Временные (пусть и действовавшие несколько поколений) механизмы существования коммунистической монополии исчерпаны. Новый человек и народ созданы. Народное государство построено. Зачем дальше нужна сверх-власть партии? Светская вера без Бога утрачивает паству внутри самой политической монополии, а в народе о ней просто никто не думает – её постигает самое страшное, что может случиться с верой, – забвение.

Кинематограф переключается с общественных проблем на вопросы индивидуальной психологии и частной жизни. Самым показательным примером принципиально изменившегося соотношения частного и общественного в тематизации народного сознания становится фильм «Ирония судьбы, или С лёгким паром» и его прокатная судьба.

Проблематизируется знание о механизмах истории. История давно ушла вперёд далеко от того среза, который анализировал Маркс. На самом деле это произошло уже к 1917 году. Но теперь игнорировать расхождение всё труднее. Основания для существования власти вне контура государства исчезают. Коммунистическая политическая монополия самораспускается. Как следствие – отходят окраины: и первая (национальные республики СССР) и вторая (социалистический лагерь). Китай как союзник, впрочем, утрачен ещё раньше, в 60-е, когда стало ясно, что КПСС сама сознательно и планомерно заменяет трудовую мораль на потребительские мотивации. С точки зрения веры это оппортунизм, что и фиксируют Китай и европейские левые. Но экономически и политически смена ориентиров не обеспечена введением соразмерных свобод, перед которыми власть испытывает религиозный страх и идеологическую беспомощность.

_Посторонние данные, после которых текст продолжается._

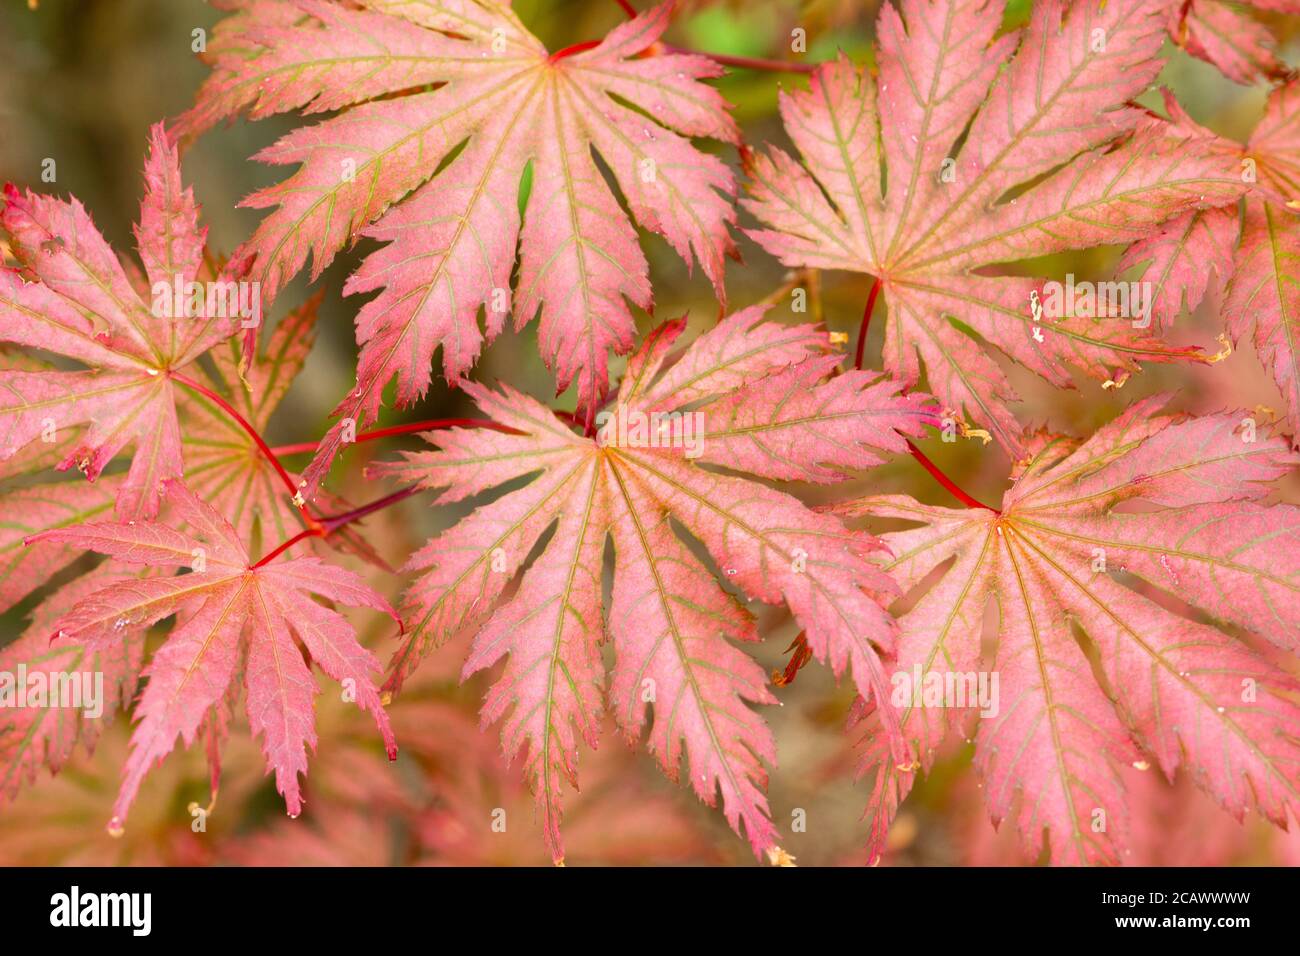 Nahaufnahme des sommerlichen Laubs des ornamentl japanischen Ahorns, Acer palmatum 'Ariadne' Stockfoto

Россия остаётся политически слабым народным (советским) государством без эффективной власти. Монополия ушла, а государство не владеет полнотой воспроизводства власти, экономики (советская лишилась командного центра, а рыночные компетенции утрачены, плюс структура производства, хозяйственных связей и распределения не имеет с рынком ничего общего) и идеологии (реальный социализм так и не описан идеологически как самостоятельная сущность). Страна обречена на внешнее управление, поскольку – в отличие от 1917 года – власть брать некому и экстраординарных оснований для этого нет. Наступает третья русская Смута.

IV.4. Программа четвёртой фазы. Государство Владимира Путина

Трактовка современной России исключительно как «новой демократии» в отрыве от понимания преемственности русской государственной исторической традиции, включая все этапы её развития, в том числе СССР, не позволяет определять и поддерживать основания существования России в будущем, разработать эффективную государственную идеологию (прикладное социальное знание, обеспечивающее государственное строительство). Но именно такую трактовку навязывает неолиберальная идеология, не признающая себя идеологией, а притворяющаяся здравым смыслом. Вместо светской веры в коммунизм свободное место в религиозном сознании пытается заполнить светская вера в демократию, другой вариант человекобожия.

Коммунистическая власть в СССР представляла собой сверхвласть, надгосударственную политическую монополию, изначально рождённую религиозной трактовкой возможностей социальных наук, осуществлённой марксизмом. Однако научная позиция вне социальной системы должна быть и позицией вне власти как таковой. Это ведь заявленная позиция социальных творцов, «демиургов», но не персон власти.

Власть социальными творцами должна быть использована временно, только как «подпорка» и «строительные леса», не более того. Базовая позиция социального творчества – это позиция управления, социальной инженерии, в которой власть «снята» как компонент управления, когда управляемые не знают, что ими управляют, когда они субъективно свободны. Но к этой позиции коммунисты так и не вышли. Социотехническую, управленческую позицию не отыскали, провалившись во власть с самого начала и до конца. Именно в этом пункте коммунистическая монополия проиграла конкурирующей с ней западной управленческой инициативе, которая была направлена как на собственно западное, так и на наше общество.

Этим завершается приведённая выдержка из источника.